Yes, Beethoven was in love with the young woman, Josephine von Deym, née Brunsvick (who arrives late with her older sister, Therese – both were piano students of Beethoven's and both have been considered candidates for the Immortal Belovéd who figures in Beethoven's life in 1812 - you can read more about the women in Beethoven's life in my blog post, here). Yes, she was recently widowed with four children (though one of them was only a few months old at the time, despite the scene where all four of them romp through the music room). Hopeful of marrying her, Beethoven was well aware of the laws which forbade her, an aristocrat, from marrying a “commoner” like Beethoven, despite his being a genius and being – well, Beethoven!
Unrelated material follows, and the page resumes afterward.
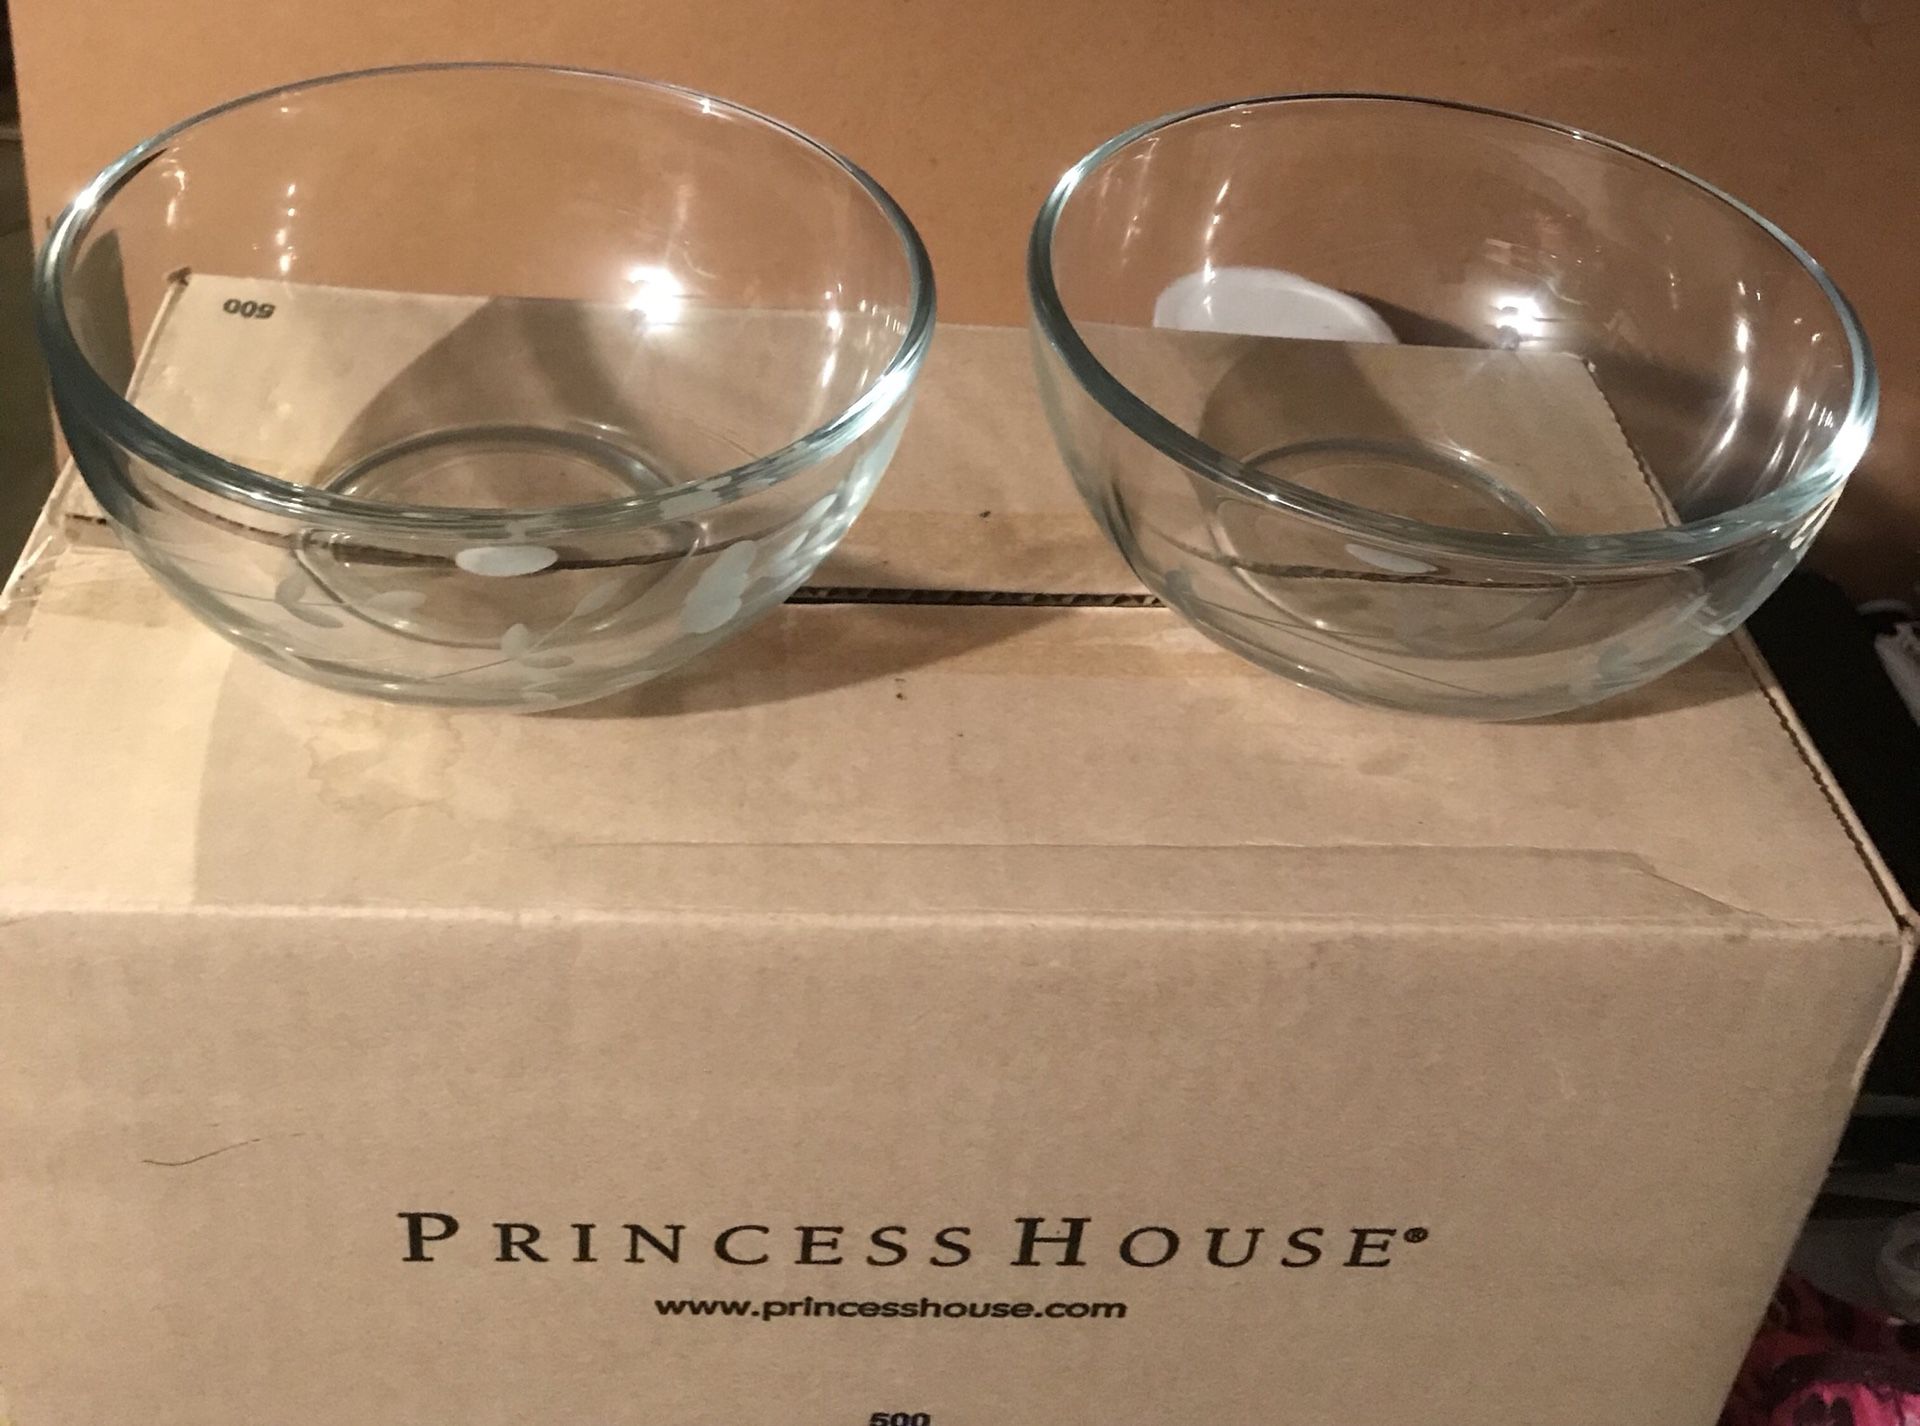 Princess house 2 trastes de crystal para guardar o llevar comida uno de 1  qt y otro de 2 qt, nuevos en caja los 2 con tapa, precio firme. for Sale in  Bell, CA - OfferUp
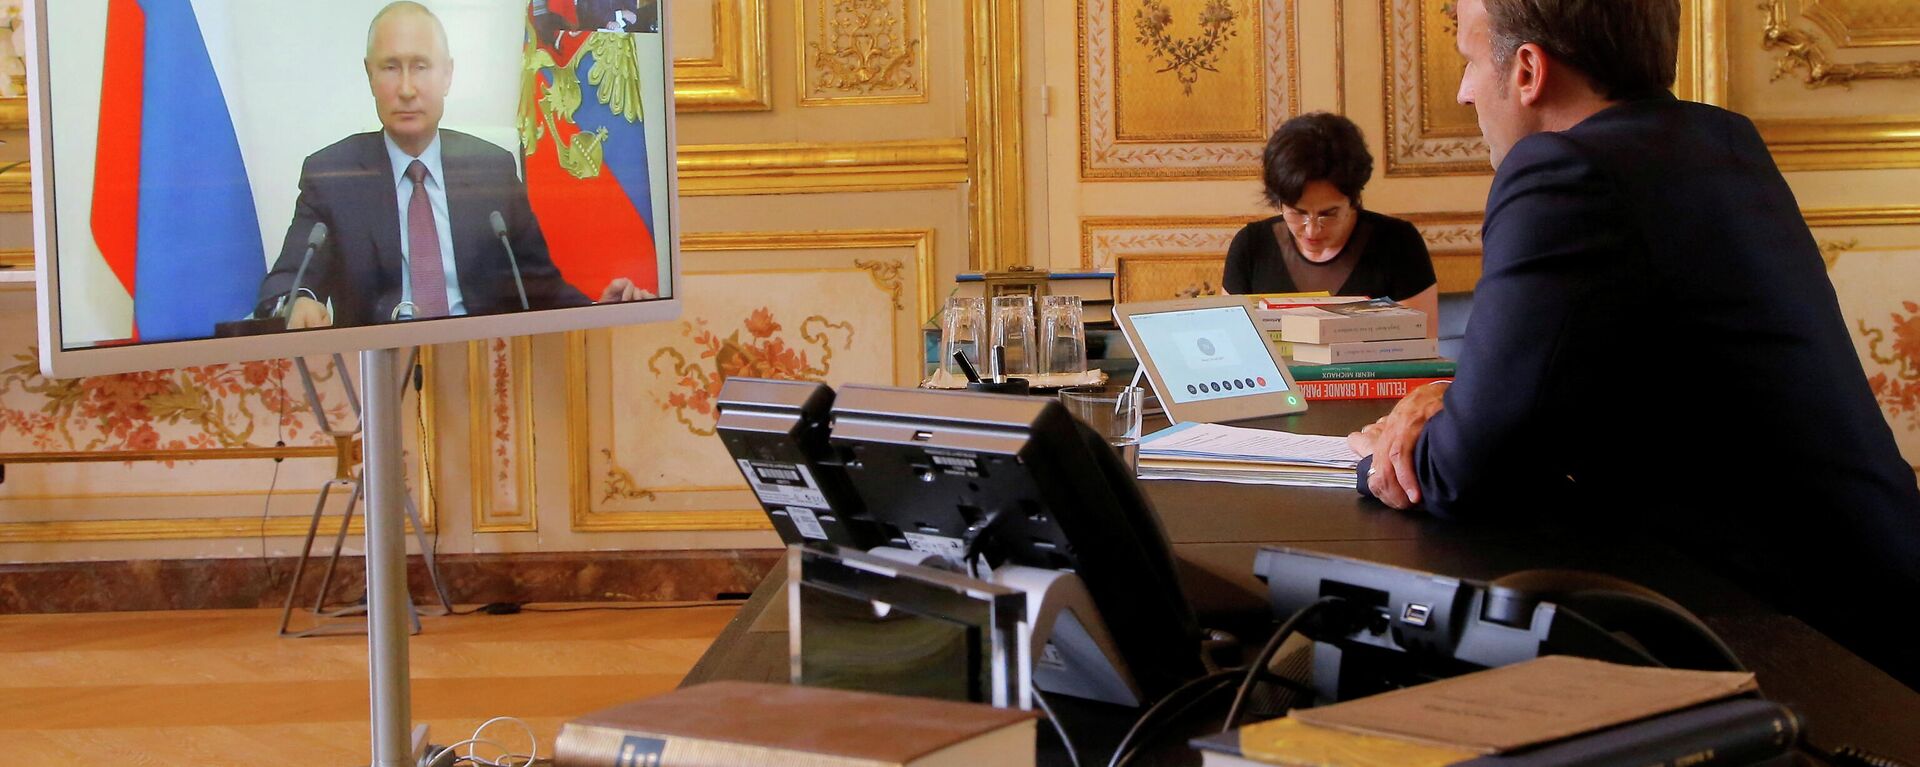 O presidente francês Emmanuel Macron conversa com o presidente russo Vladimir Putin durante videoconferência no Palácio Elysée em Paris, França, 26 de junho de 2020 - Sputnik Brasil, 1920, 12.02.2022

And yes, since the composer often styled himself in French, signing his name as Louis van Beethoven, his close friends are calling him Louis – not Louie...
Ferdinand Ries |
The biggest doubt about the film, of course, is the level of the performance. Ries remarks that the rehearsal was “terrible” and indeed here it begins that way. It is hard to imagine that, after a particularly bumpy start, this sight-reading session of such new and strange music should suddenly become a performance any ensemble today would be proud of – and kudos to the Orchestre Revolutionaire et Romantique for supplying the musicians of the orchestra (except for one of the bass players and perhaps the second horn player) who are, in fact, led here by their actual concertmaster if, in the soundtrack, by John Eliot Gardiner. Still, it would be excruciating theater to subject modern audiences to what the actual rehearsal may have sounded like.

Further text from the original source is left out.